As of April 1, 2015 Vanilla Reload cards are no longer available for purchase

Recently I outlined the basics of manufactured spending, including the key reload/prepaid cards involved and methods of unloading them. In this post, I’m going to expand on Vanilla Reload cards, the costs associated with them, where to get them, and how to unload them.

Vanilla Reload

Vanilla Reloads are the most common and easiest tool to use in the manufactured spending game.

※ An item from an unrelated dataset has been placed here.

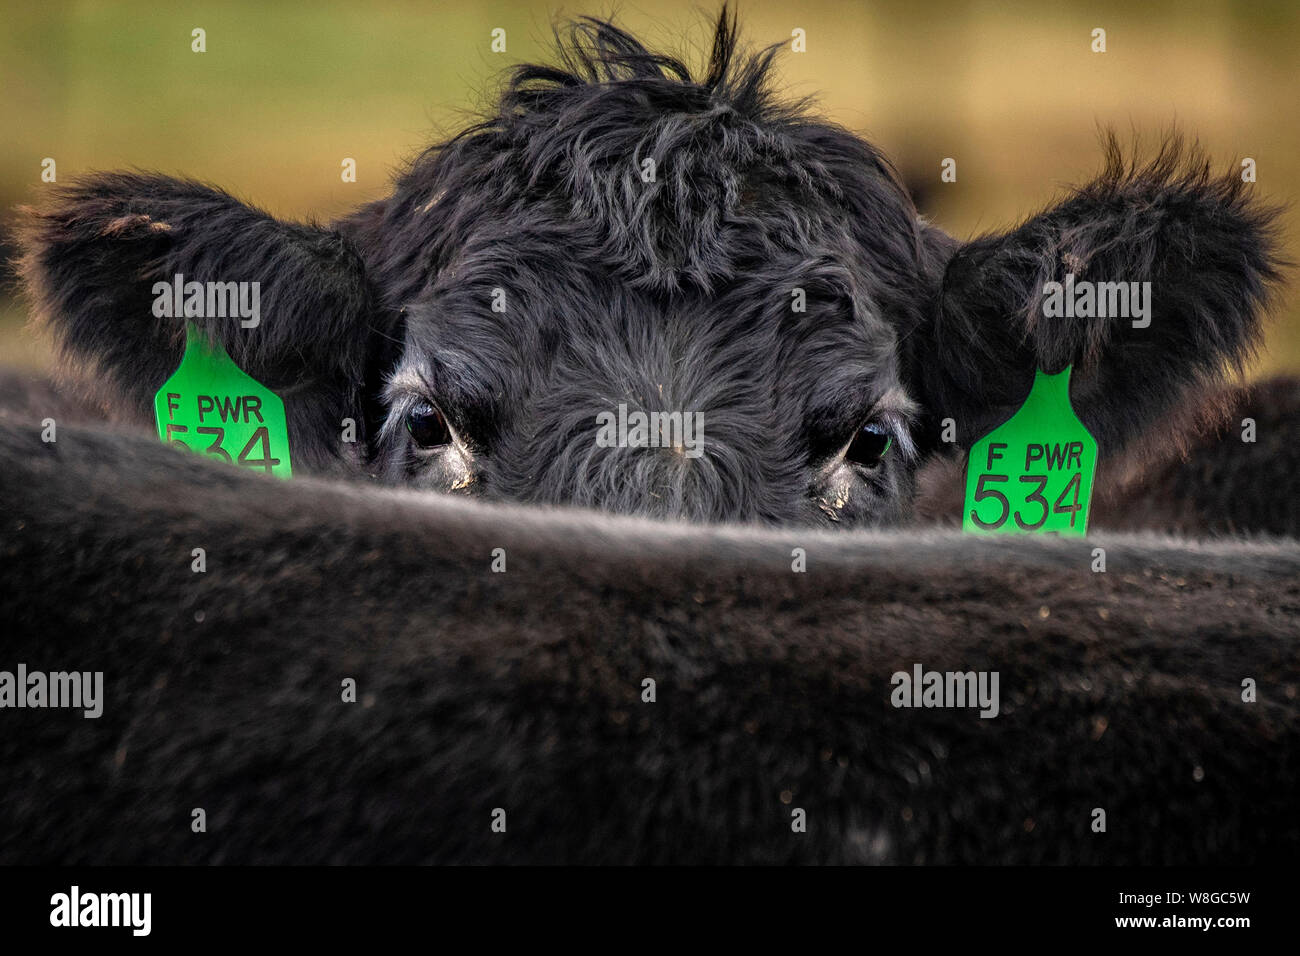 Eyes of a black angus cow sneaking a peek at a camera, green identification tags on her ears Stock Photo

These cards come with a $3.95 fee and can be purchased at participating retailers (i.e. CVS, 7-Eleven) with a mile-earning credit card in increments of $500. If you’re able to buy these with a credit card that pays out a category bonus at select merchants (i.e. grocery store, gas station, drug store), the fee is minimized further by the additional miles you’ll earn.

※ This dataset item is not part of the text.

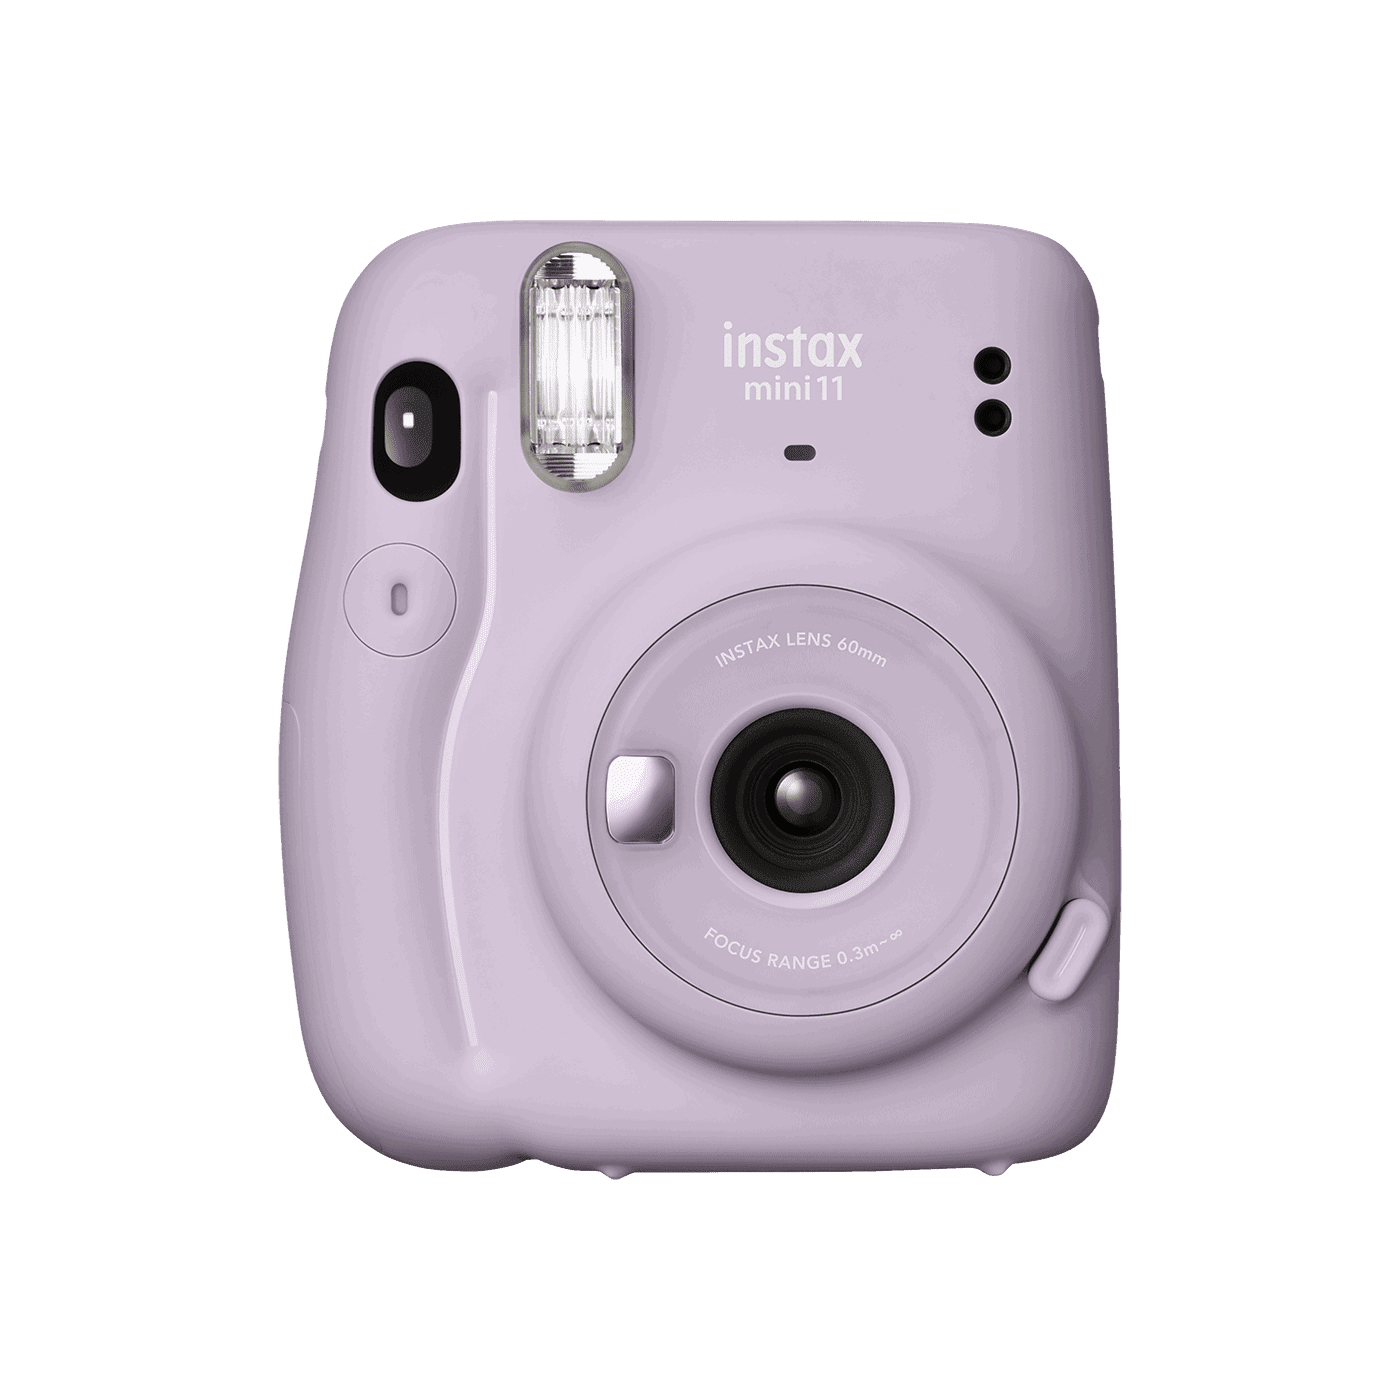 Fujifilm Instax Mini 11 review: the best easy-to-use Instax Mini

They can be loaded onto nearly a dozen prepaid cards and cashed out in numerous ways. One of the cash-out options involves ATM transactions. In addition to any fees imposed by the debit card company, the ATM operator will also charge one (usually around $2-4). Costco has one of the lowest ATM fees ($1.25), so that is a great place to unload your balance.

Below are the least expensive prepaid cards you can use to unload Vanilla Reload cards:

1. American Express Bluebird

American Express Bluebird

 

 

 

 

 

Reload Limit: $1,000 per day/$5,000 per month

Fees: $0

Where to buy: Online, CVS, select grocery stores (Save Mart, Foodmaxx, Fred’s, etc.), Dollar General, Family Dollar other retailers.

How to Cash Out: Bluebird’s bill pay feature or Bluebird checks.

Bluebird is a prepaid card issued by American Express, billed as a checking account alternative. It is available online or at your local Walmart for a fee. Bluebird can also be loaded with a mile-earning debit card or PIN-enabled Visa/Mastercard giftcards.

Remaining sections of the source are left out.